Jesteśmy powołani do życia zgodnie z tym, co wiedzą nasze serca. To jedyny pewny przewodnik. To także prawdziwa rewolucja.
Ale myślę, że wiemy w naszych sercach, że mamy moc tworzenia pięknego świata. Stanie się to jednak tylko wtedy, gdy wsłuchamy się w wiedzę naszego serca na tyle, by faktycznie wykonać niezbędne działania.
Jesteśmy powołani do życia zgodnie z tym, co wiedzą nasze serca. To jedyny pewny przewodnik. To także prawdziwa rewolucja. Obliczenia mentalne, które nazywamy etyką, minimalizując ślad węglowy itp., Żadne z nich nie są pewnymi wskazówkami. Czy powinienem lecieć do Kalifornii, aby współtworzyć transformacyjne wydarzenie? Spala dużo paliwa do silników odrzutowych. Jak mogę zsumować wszystkie koszty i korzyści? To jest niemożliwe.
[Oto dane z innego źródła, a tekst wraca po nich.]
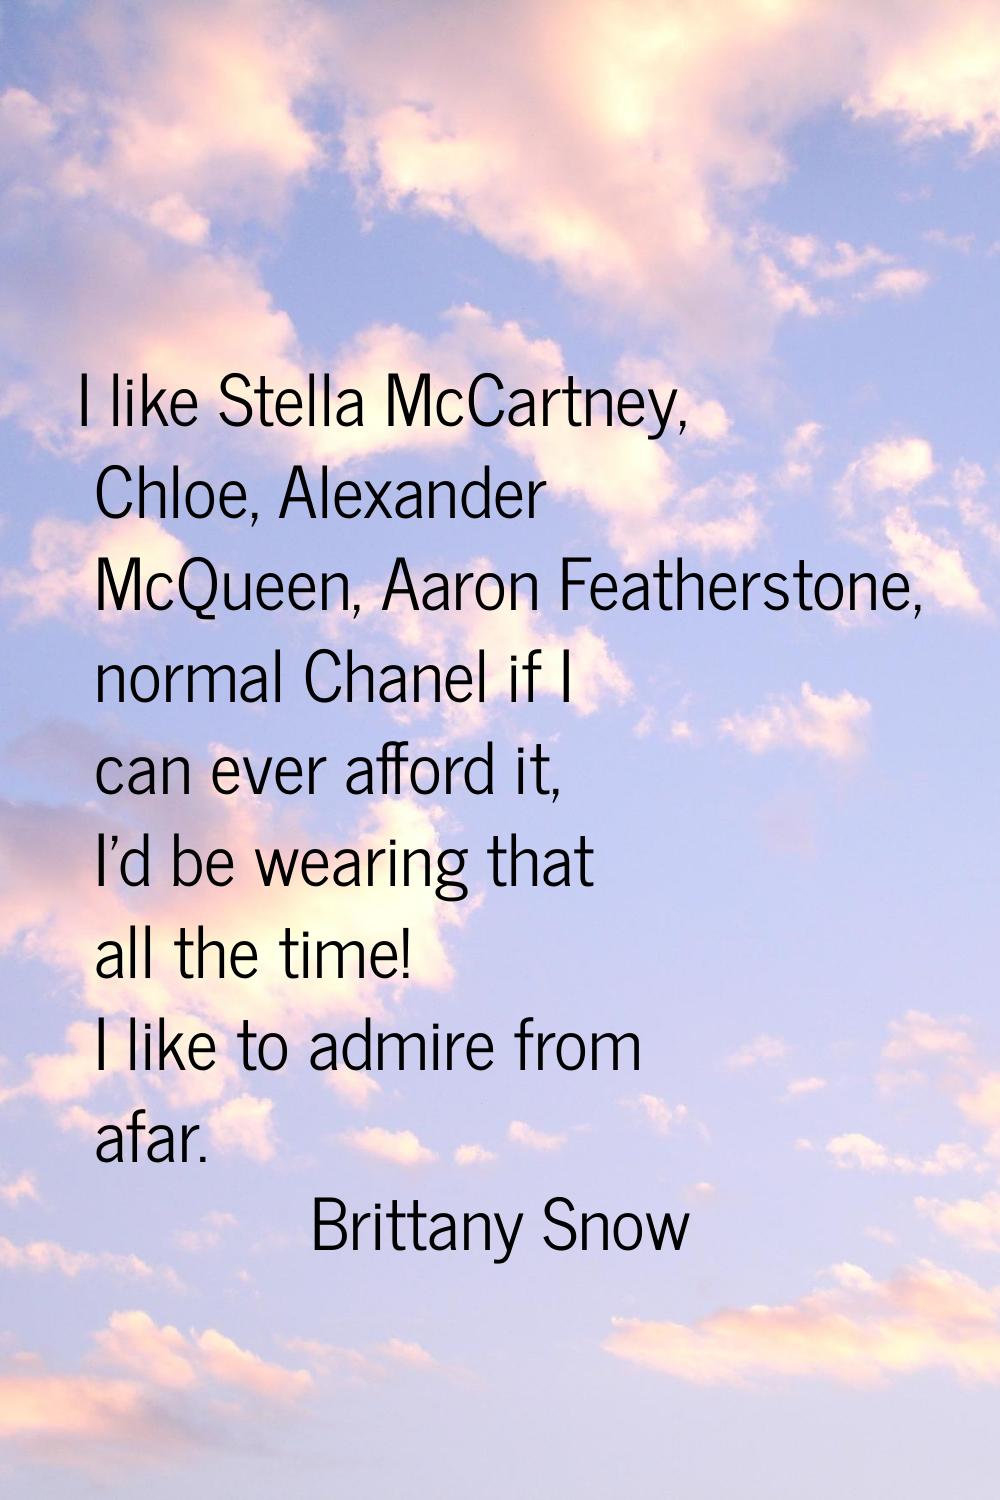 I like Stella McCartney, Chloe, Alexander McQueen, Aaron Featherstone, normal Chanel if I can ever

Kiedy próbujemy wybierać z głowy, wpadamy w labirynt niezdecydowania, a nawet kiedy dokonujemy wyboru, nie mamy pewności i odwagi. Teraz nadszedł czas, aby słuchać naszego serca, wiedząc.
Myślę, że gdyby ludzie to zrobili, nie wycięliby tak wielu lasów i nie robili innych złych rzeczy, ponieważ pośród wszystkich powodów, dla których „musimy”, serce mówi „nie”.